You are encourage to explore some advanced functions in Tableau. Tableau Desktop and Web Authoring Help is always the most helpful material to learn Tableau.

The results of Tableau visualization should be reflected and briefly discussed in your project proposal, providing evidence of your initial data exploration and research direction.

Submission

This is a group assignment and each group only need to submit once.

Submit your Tableau packaged workbook (.tbwx) This will include any data files that you attach so that when you share the file anyone with Tableau can open it!

Or, submit the link to your Tableau Public page via Canvas.

You can also upload to GitHub and submit the link to your repository. Please be sure to make the repository public/visible. For Lab 4-9, the use of any generative AI tool (ChatGPT, Copilot, etc.) is allowed.

Late Days

All group members will consume late days if the submission is late.


Lab 06-B: Command Line, Virtual Environment, and SQL (Optional)

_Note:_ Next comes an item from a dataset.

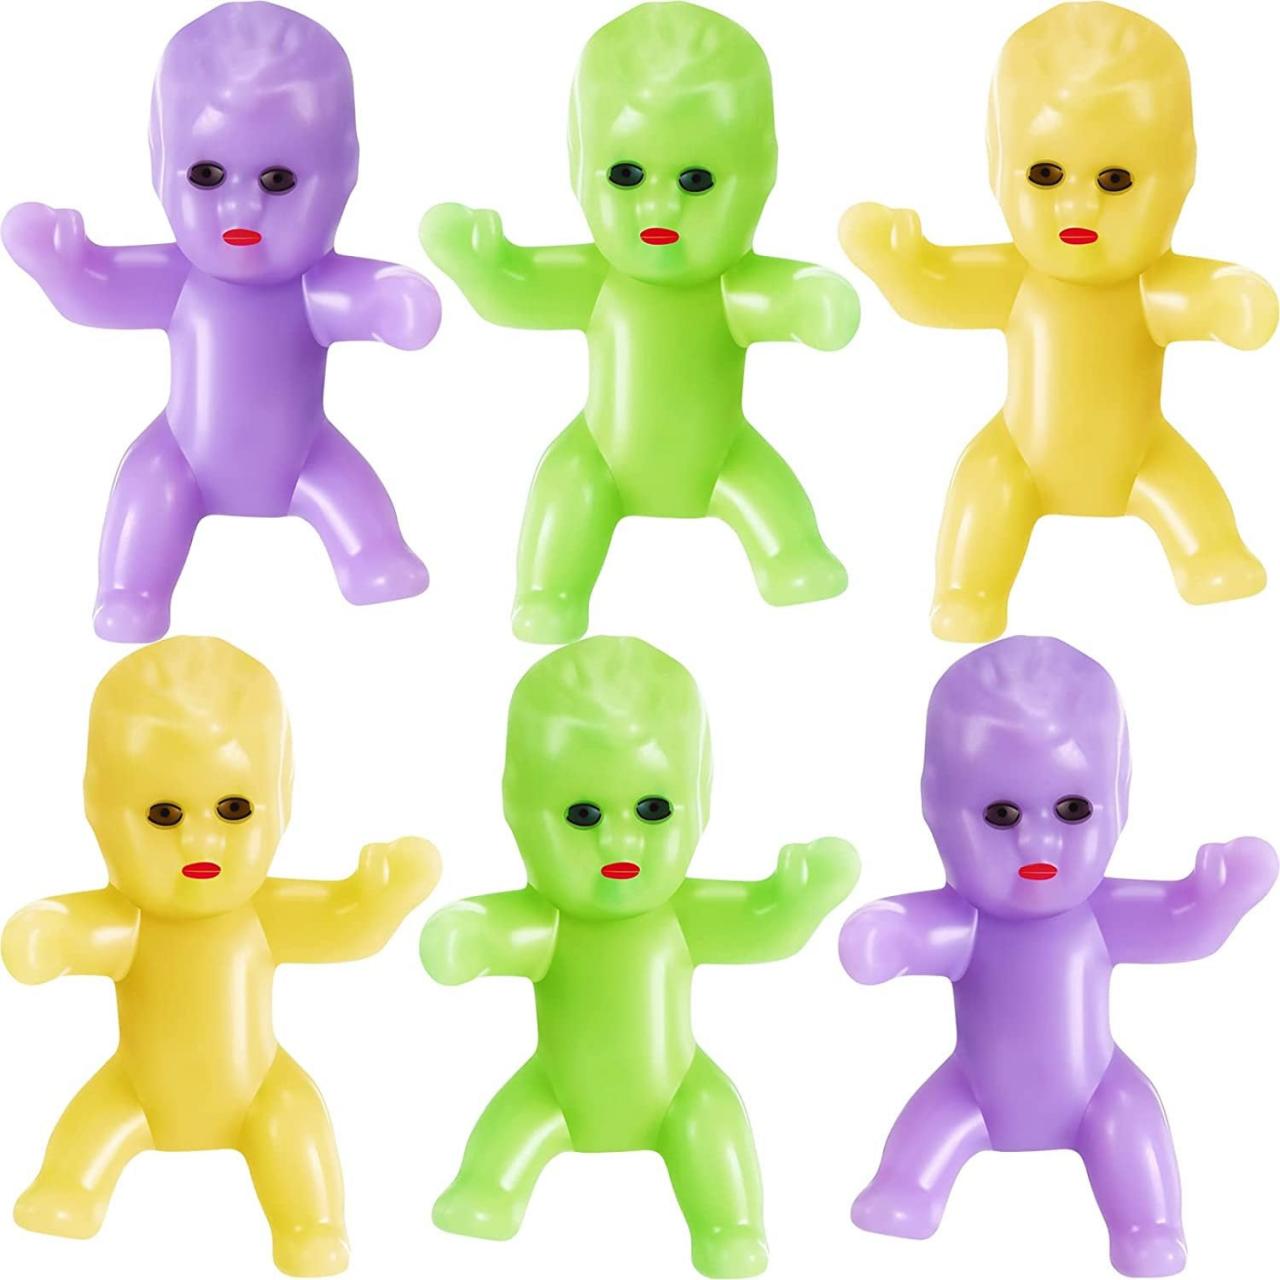 King Cake Babies In Purple Green And Yellow With Matte Finish. 1 Dozen Small King Cake Babies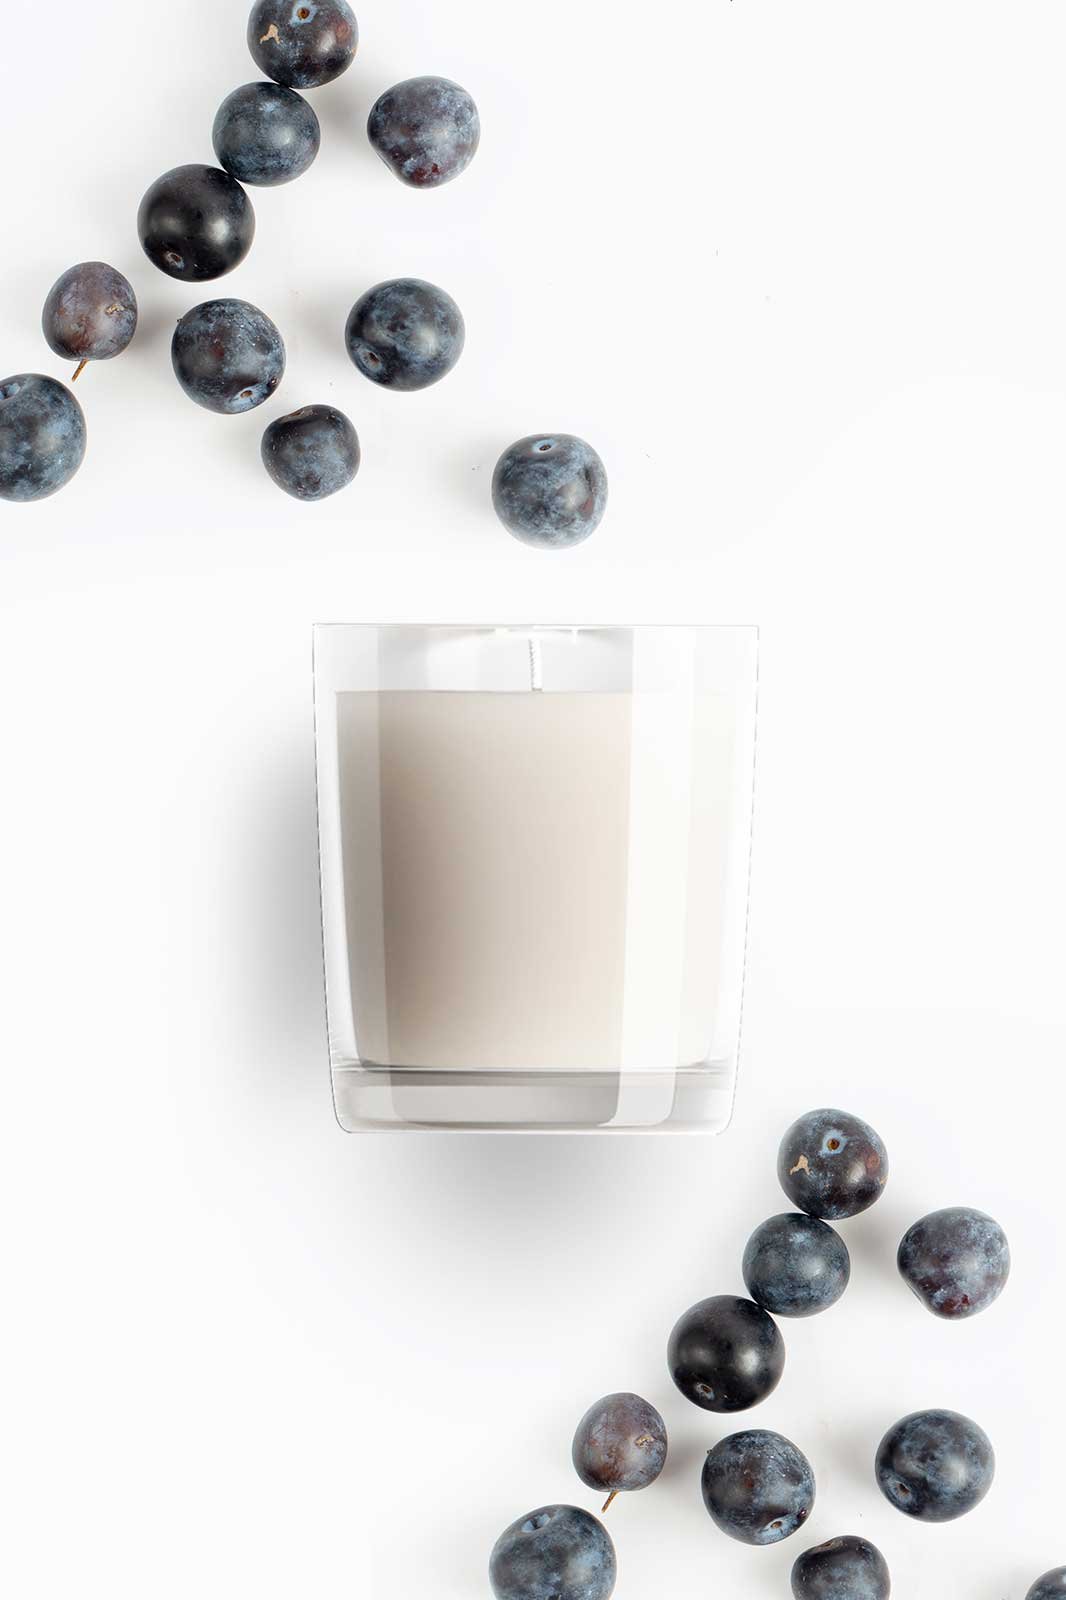 Blueberry Candle, blueberry glass candle, Blueberry scented candle, blueberry basil candle, blueberry breeze candle, blueberry candle cheap, blueberry candle near me, blueberry candle scent, blueberry decor candle, blueberry dessert candle, Blueberry vanilla candle, House of Aroma, scented candles online, home decor scented candles, organic scented candles, online scented candles, home decor candle, buy scented candles online, room decor candles, best scented candles online, organic candles India, aroma candles online India, organic scents for candles, organic soy candles, natural scented beeswax candles, benefits scented candles, aroma candles buy online, scented candles for home decor, best scents of candles, organic natural scented candles, home decor aroma candles, scented candles order online, organic soy candle wax, best home scented candles, best organic scented candles, organic scented oils, best fragrance scented candles, organic aroma for candles, organic soy for candles, aroma scented candles, scented candle brand, aroma diffuser candle, essential oil for scented candles, aroma candles gift set, best aroma candles in India

In Section B, we will introduce three topics related to data science: command line, environment and SQL. This section is optional, and we will not go deeper into it. The purpose of this section is to let you know what is command line, terminal, database, SQL, and why we use such tools.

Command Line

We often see those fancy, “geeky” black boxes on computer screens in movies. Those black boxes are usually terminalsshell, or command-line interfaces. They allow users to type commands directly to control the computer.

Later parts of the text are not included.